Write the listing out again word for word. Pictures do not belong in the copy.

(Source material)
Start of Block

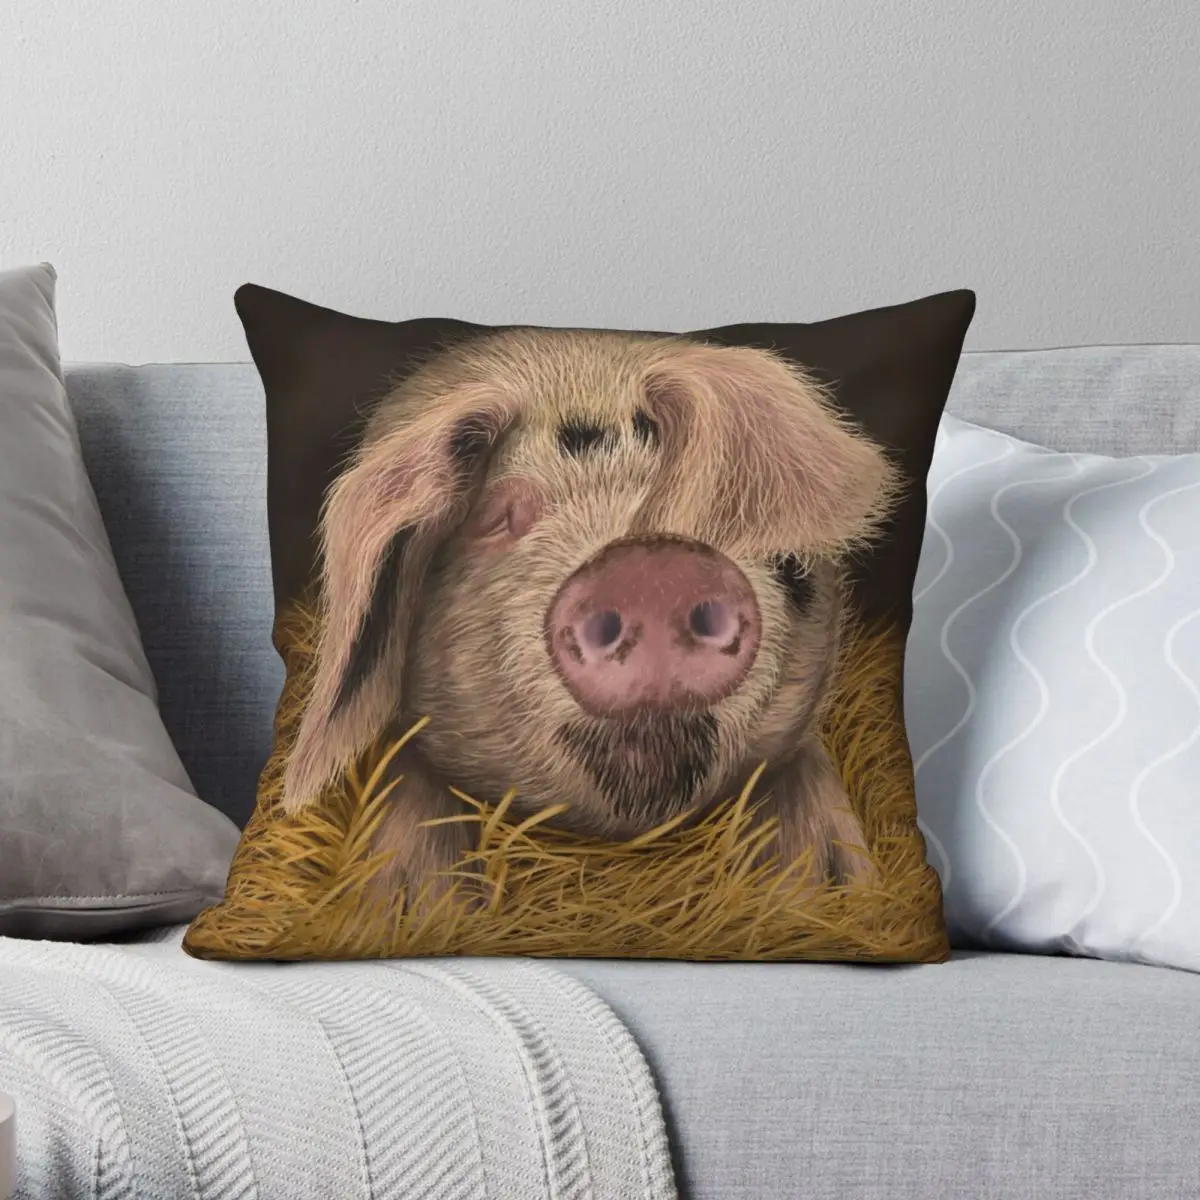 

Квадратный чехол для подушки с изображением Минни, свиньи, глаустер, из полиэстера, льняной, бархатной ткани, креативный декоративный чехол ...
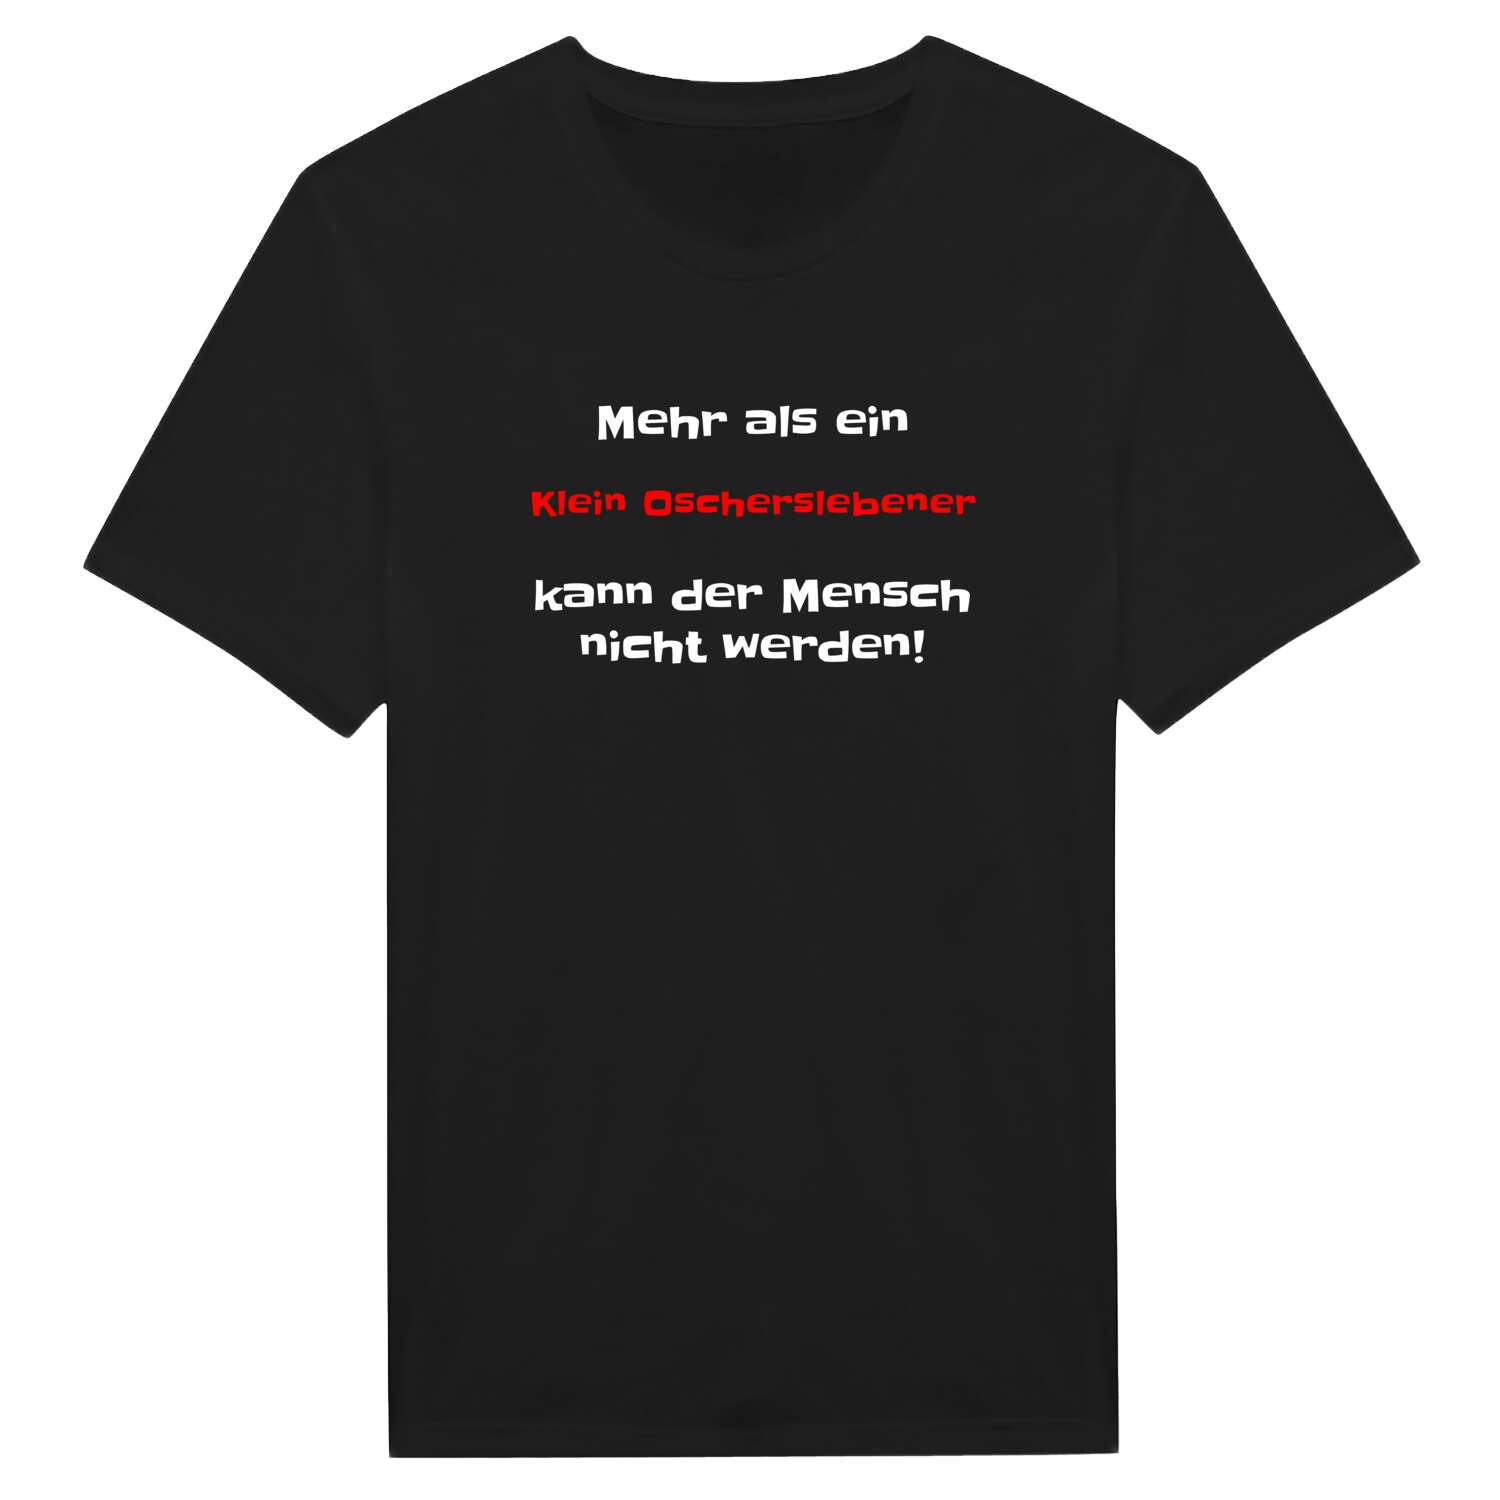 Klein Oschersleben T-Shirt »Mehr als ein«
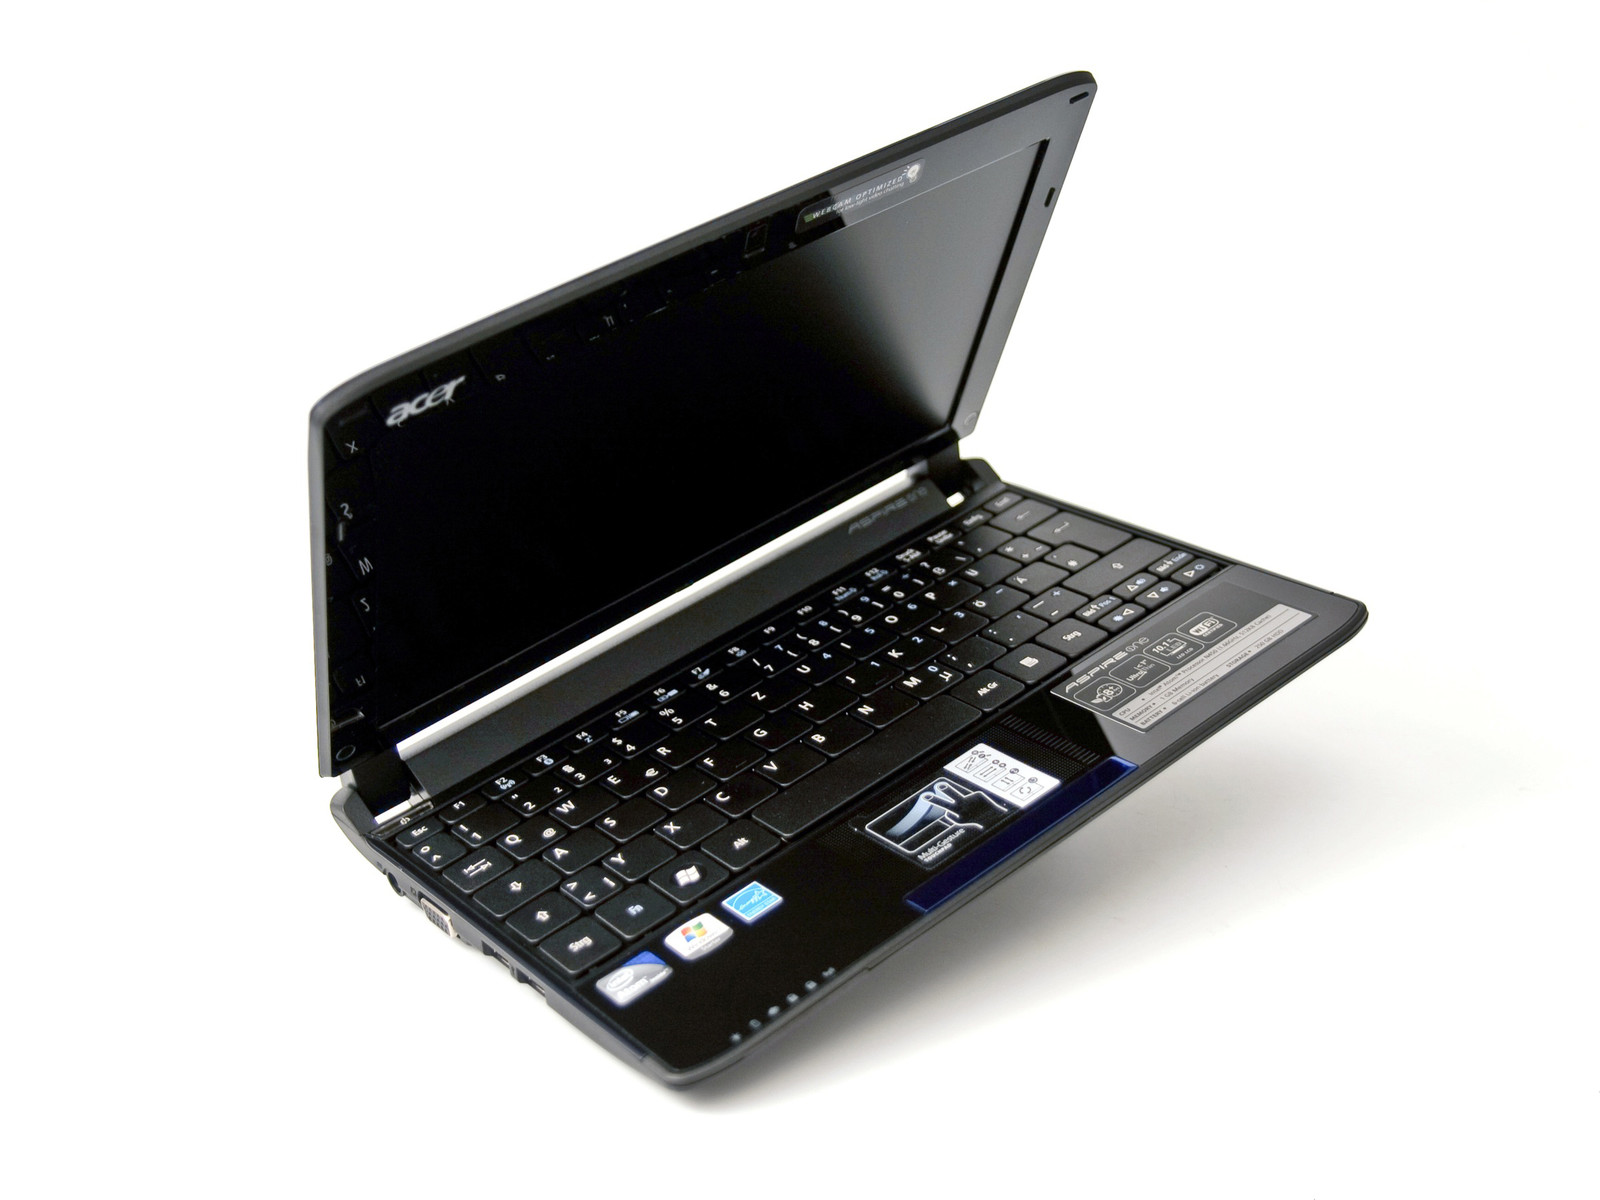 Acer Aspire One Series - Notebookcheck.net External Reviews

End of Block

(Problem solution)
Квадратный чехол для подушки с изображением Минни, свиньи, глаустер, из полиэстера, льняной, бархатной ткани, креативный декоративный чехол ...
 Klein Oschersleben T-Shirt »Mehr als ein«
 Acer Aspire One Series - Notebookcheck.net External Reviews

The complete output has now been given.